To work easily with fractions, it's useful to understand improper fractions. Improper fractions have numerators that are larger than their denominators. This means the fraction represents a value greater than one. When dealing with operations involving mixed numbers, converting them to improper fractions can simplify the process.

• To convert a mixed number to an improper fraction, multiply the whole number by the denominator of the fractional part.
• Add this result to the numerator of the fractional part. The total becomes your new numerator over the original denominator.

For instance, to convert the mixed number 7 \(\frac{5}{12}\), we multiply 7 by 12, resulting in 84. Adding 5 to 84 gives us 89, making our improper fraction \(\frac{89}{12}\). This method allows us to easily handle arithmetic operations like addition or subtraction.

Finding a common denominator is crucial when adding or subtracting fractions with different denominators. The Least Common Denominator (LCD) is the smallest number that both denominators can divide into evenly. Having a common denominator turns the fractions into like terms, making subtraction possible.

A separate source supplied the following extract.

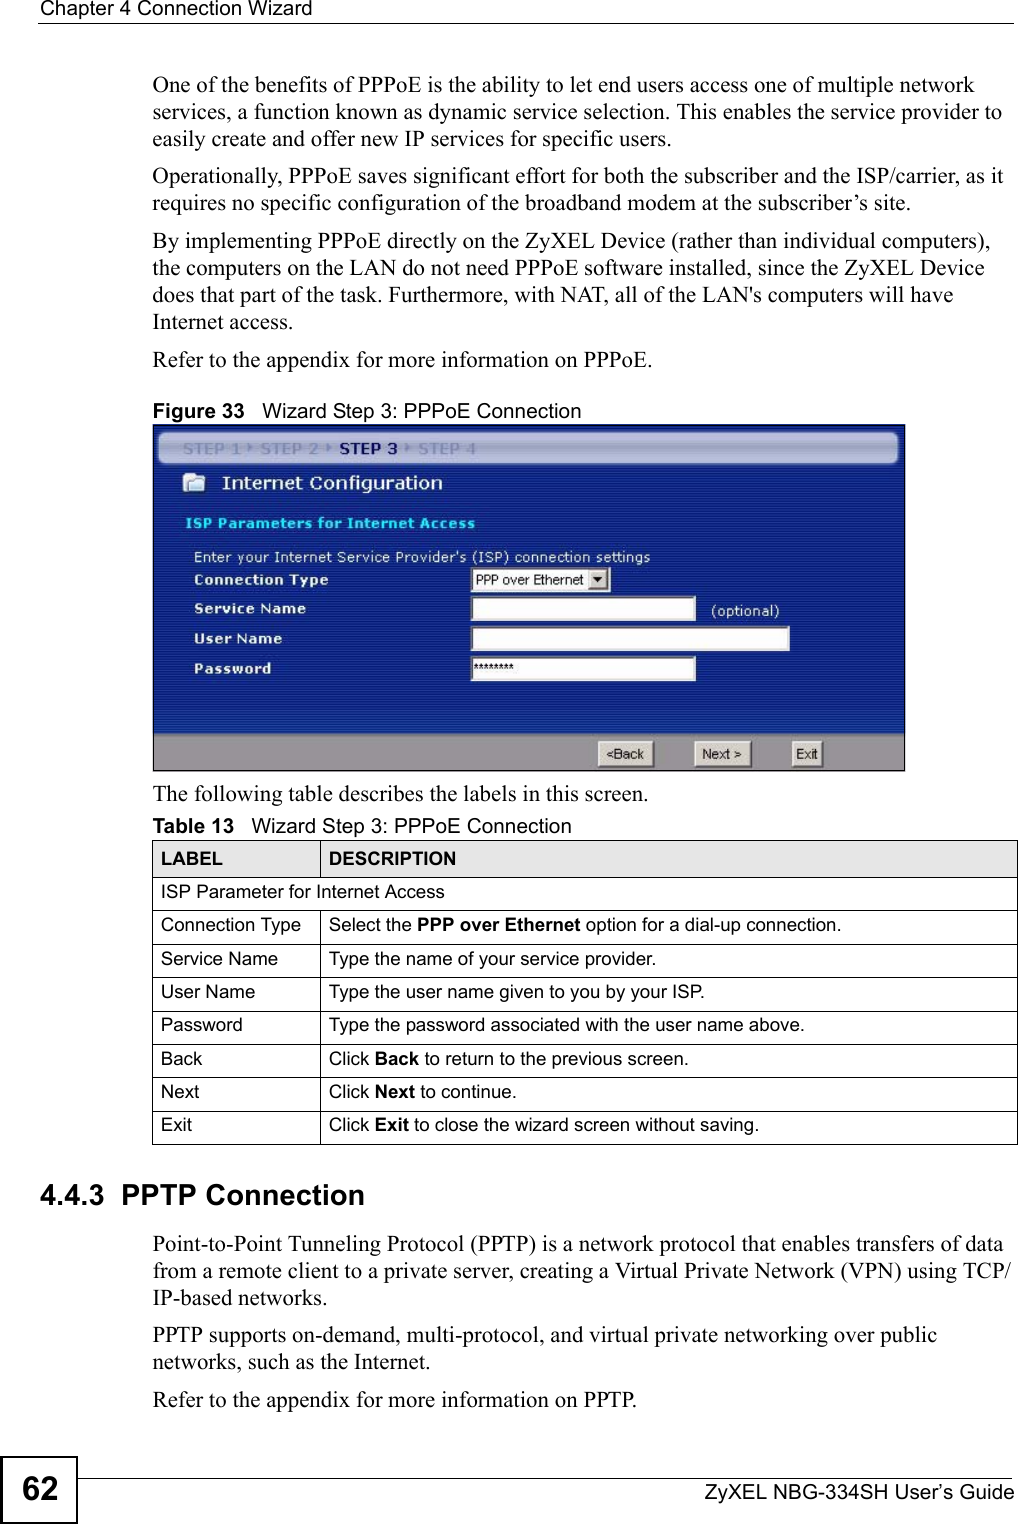 Chapter 4 Connection WizardZyXEL NBG-334SH User’s Guide62One of the benefits of PPPoE is the ability to let end users access one of multiple network services, a function known as dynamic service selection. This enables the service provider to easily create and offer new IP services for specific users.Operationally, PPPoE saves significant effort for both the subscriber and the ISP/carrier, as it requires no specific configuration of the broadband modem at the subscriber’s site.By implementing PPPoE directly on the ZyXEL Device (rather than individual computers), the computers on the LAN do not need PPPoE software installed, since the ZyXEL Device does that part of the task. Furthermore, with NAT, all of the LAN&apos;s computers will have Internet access.Refer to the appendix for more information on PPPoE.Figure 33   Wizard Step 3: PPPoE ConnectionThe following table describes the labels in this screen.4.4.3  PPTP ConnectionPoint-to-Point Tunneling Protocol (PPTP) is a network protocol that enables transfers of data from a remote client to a private server, creating a Virtual Private Network (VPN) using TCP/IP-based networks.PPTP supports on-demand, multi-protocol, and virtual private networking over public networks, such as the Internet.Refer to the appendix for more information on PPTP.Table 13   Wizard Step 3: PPPoE ConnectionLABEL DESCRIPTIONISP Parameter for Internet AccessConnection Type Select the PPP over Ethernet option for a dial-up connection.Service Name  Type the name of your service provider.User Name Type the user name given to you by your ISP. Password  Type the password associated with the user name above.Back Click Back to return to the previous screen. Next Click Next to continue. Exit Click Exit to close the wizard screen without saving.

• Identify the denominators of both fractions you are working with.
• Find the smallest multiple they share, which becomes the LCD.

In our exercise, we looked at the denominators 12 and 3. The least common multiple of these two numbers is 12. We didn’t change \(\frac{89}{12}\) because it already had the denominator of 12. However, we converted \(\frac{10}{3}\) by multiplying both numerator and denominator by 4, giving us \(\frac{40}{12}\). Now, both fractions have the same denominator, so subtraction can occur.

Once fractions have a common denominator, they can be easily subtracted by working with the numerators alone. You keep the denominator the same and only focus on subtracting the numerators. This simplifies the process!

• Ensure both fractions have the same denominator.
• Subtract the second numerator from the first while keeping the common denominator unchanged.

In this exercise, we subtracted \(\frac{40}{12}\) from \(\frac{89}{12}\). The operation only affected the numerators: \(89 - 40 = 49\). Therefore, the resulting fraction is \(\frac{49}{12}\). Sometimes, the resulting fraction is improper, and you may want to convert it back to a mixed number for a clearer expression. This is what was done in Step 4 of the solution.